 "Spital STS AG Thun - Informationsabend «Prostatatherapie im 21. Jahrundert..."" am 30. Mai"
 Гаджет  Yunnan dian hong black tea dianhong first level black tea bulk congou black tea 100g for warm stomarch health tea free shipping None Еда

━━━

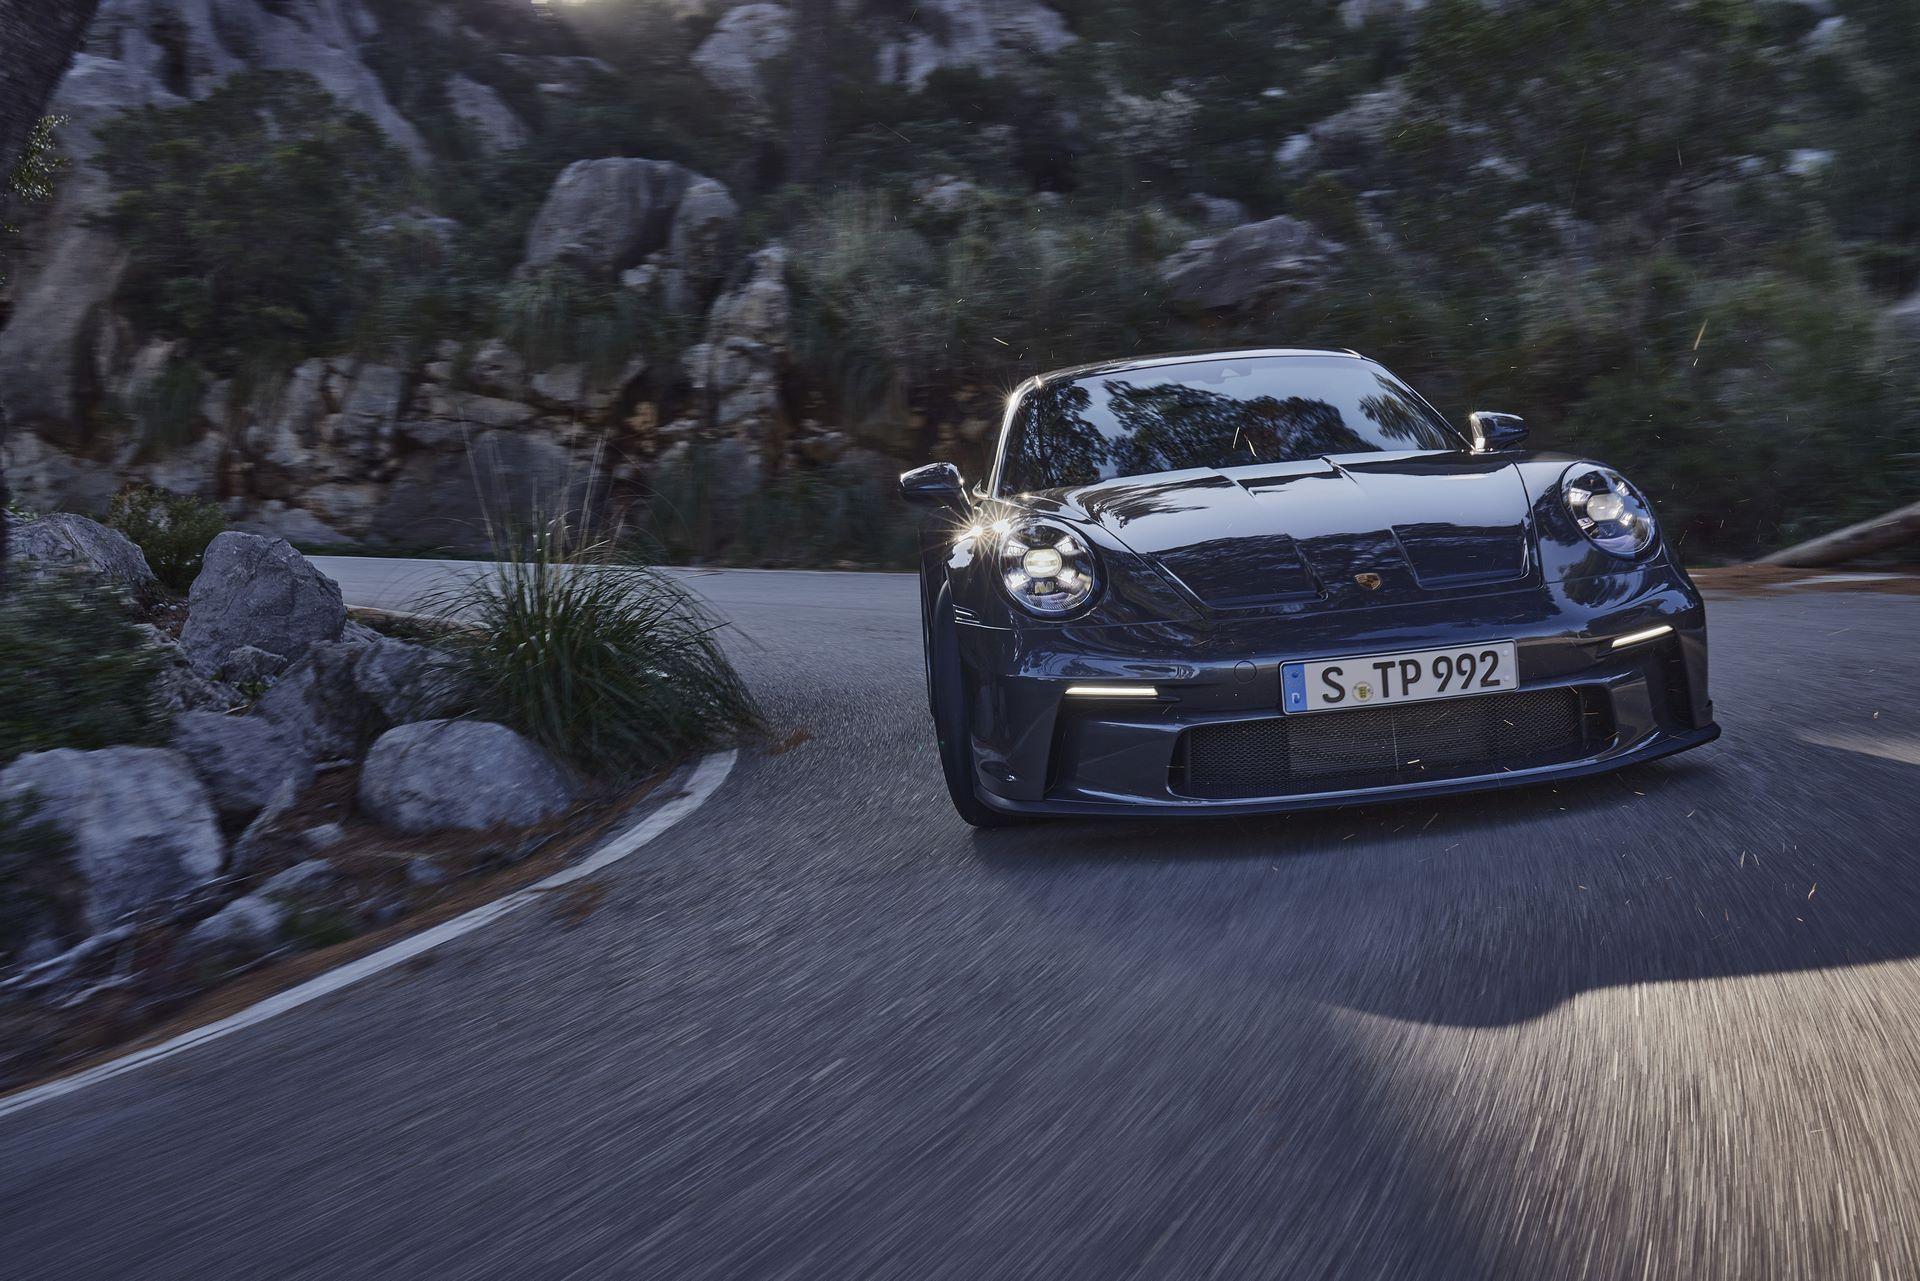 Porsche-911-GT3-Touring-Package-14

━━━

◆ Exercise requirements ◆
Could you repeat exactly the lines in the listing above from the one with "STS AG Thun" down to the one with "shipping None Еда"? Include both of those lines.

◆ Answer section ◆
 "Spital STS AG Thun - Informationsabend «Prostatatherapie im 21. Jahrundert..."" am 30. Mai"
 Гаджет  Yunnan dian hong black tea dianhong first level black tea bulk congou black tea 100g for warm stomarch health tea free shipping None Еда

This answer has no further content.